DATA SEGMENT:
▬▬▬

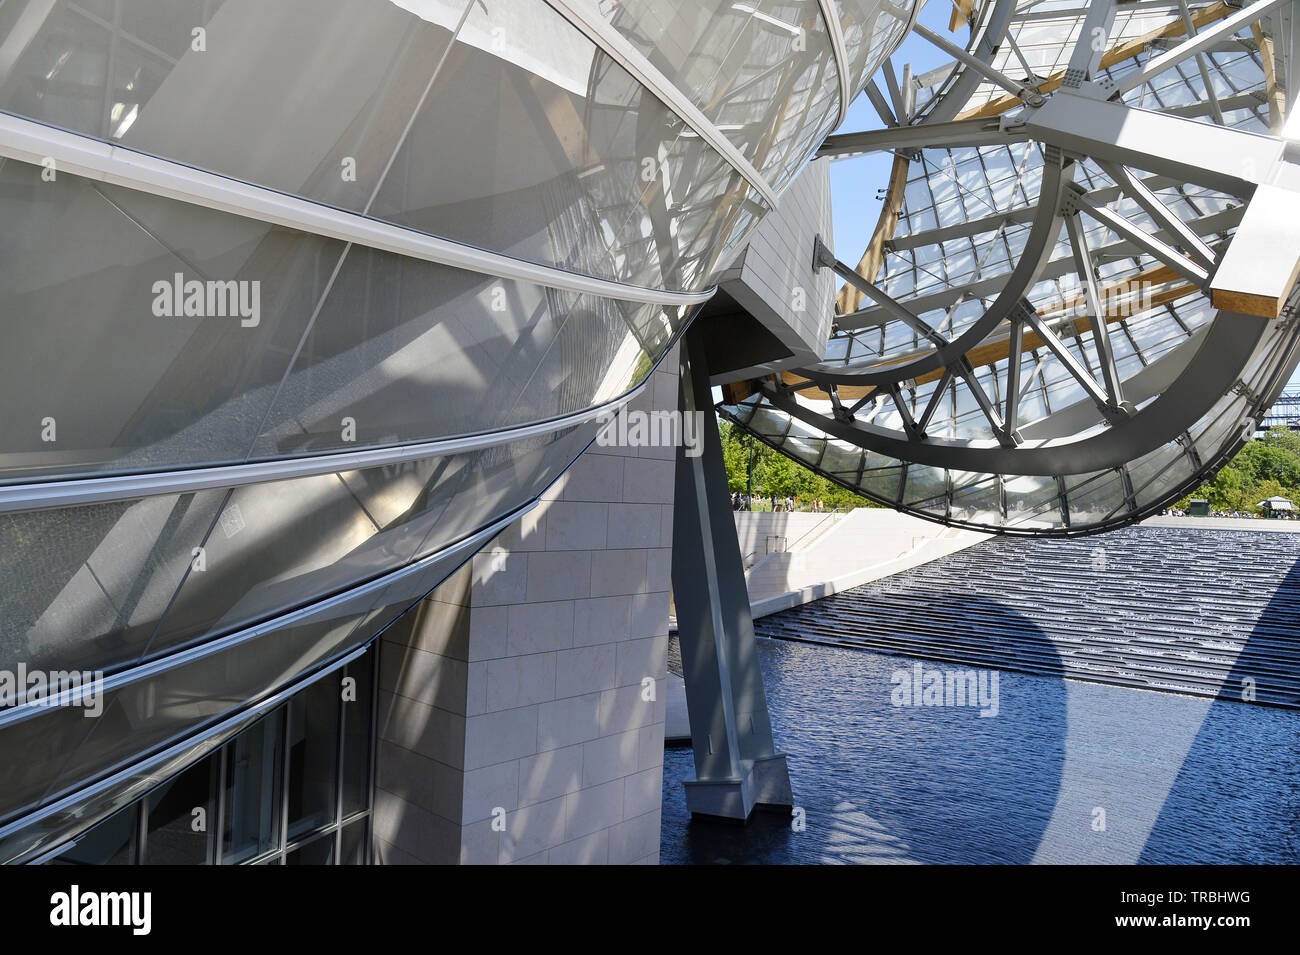 Fondation Louis Vuitton - Bois de Boulogne - Paris - France Stock Photo -  Alamy
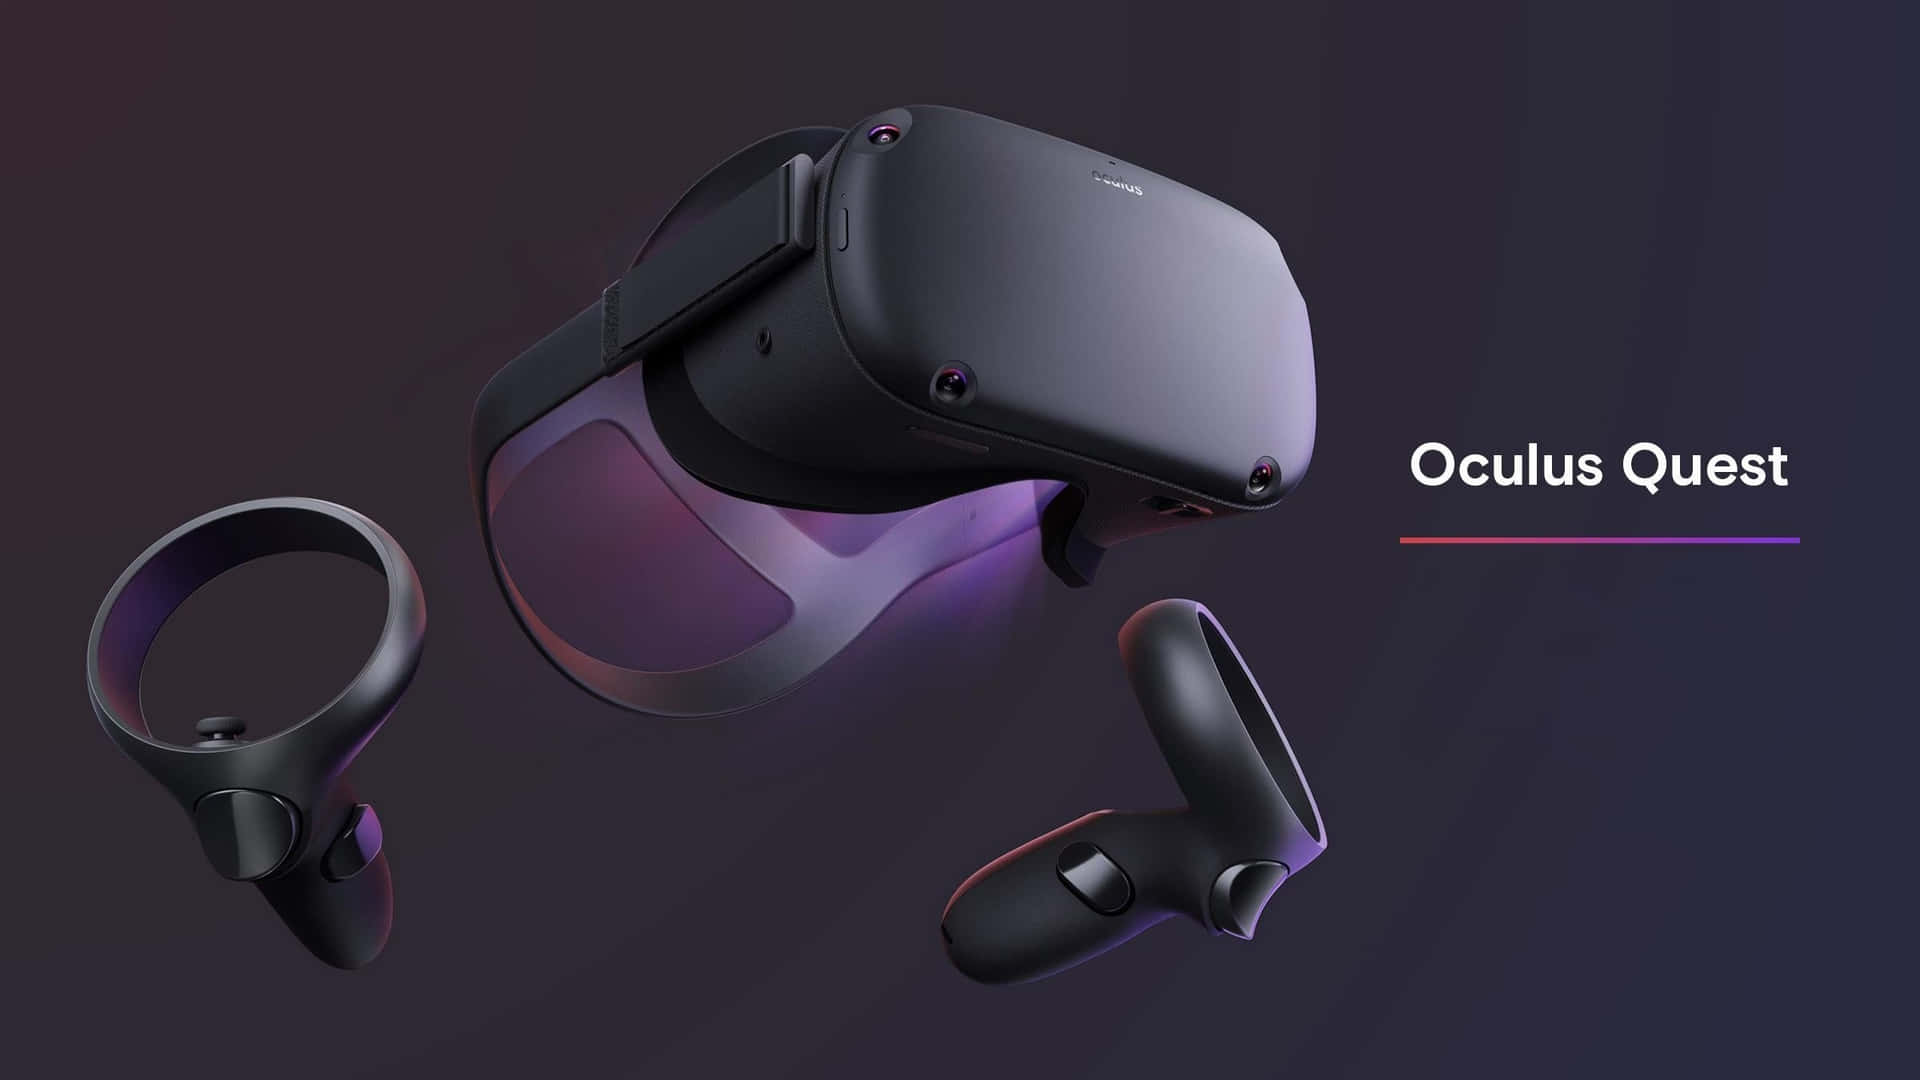 Tauchensie Ein In Die Welt Der Virtual Reality Mit Dem Oculus Quest 2
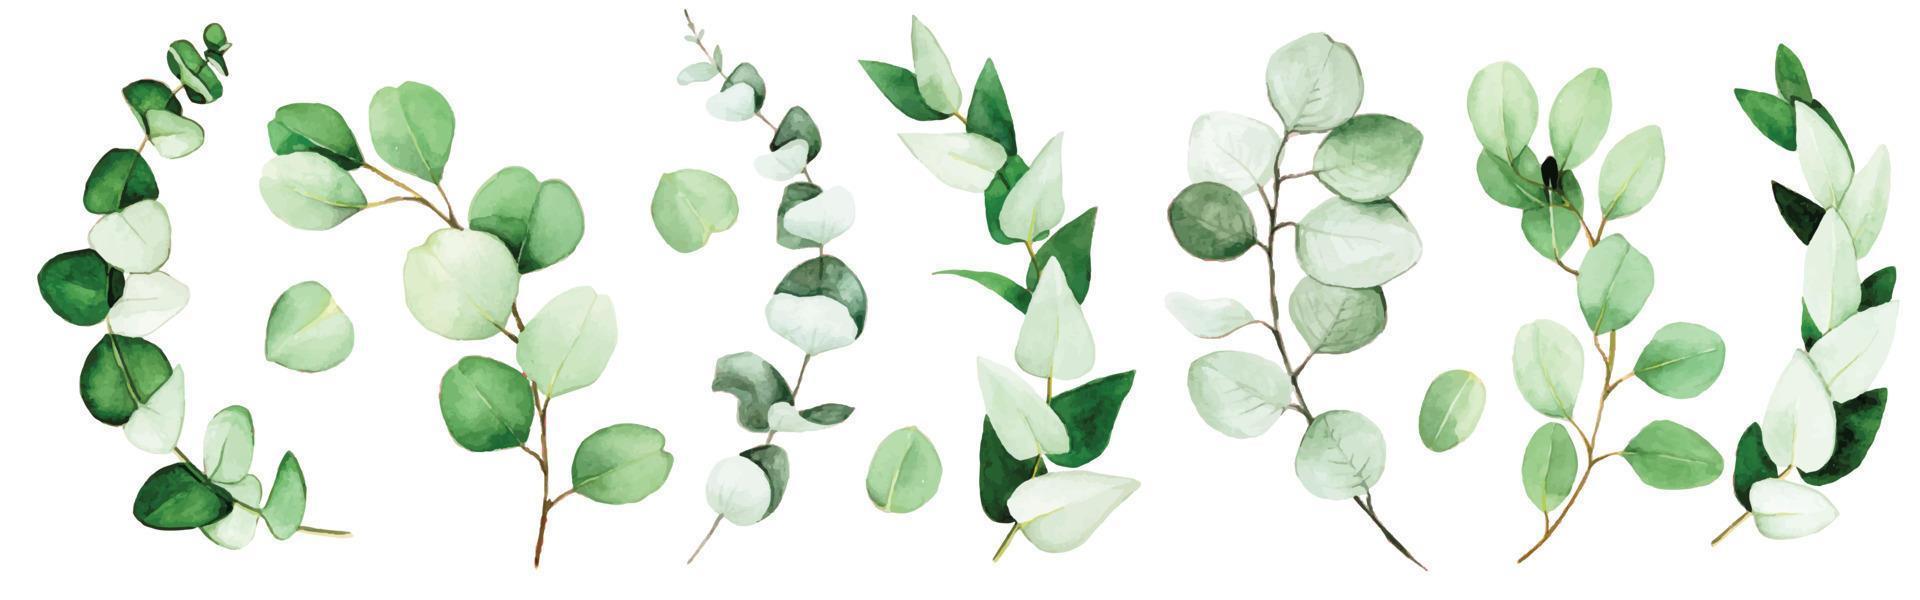 grote set eucalyptusbladeren en takken geschilderd in aquarel. groene eucalyptus bladeren, tropische plant geïsoleerd op een witte achtergrond. vector

▬▬▬

The answer is to be the lines from the line that contains "Tauchensie Ein In" through the last line of the material, retyped exactly, both included, with pictures left out, please.

 Tauchensie Ein In Die Welt Der Virtual Reality Mit Dem Oculus Quest 2
 grote set eucalyptusbladeren en takken geschilderd in aquarel. groene eucalyptus bladeren, tropische plant geïsoleerd op een witte achtergrond. vector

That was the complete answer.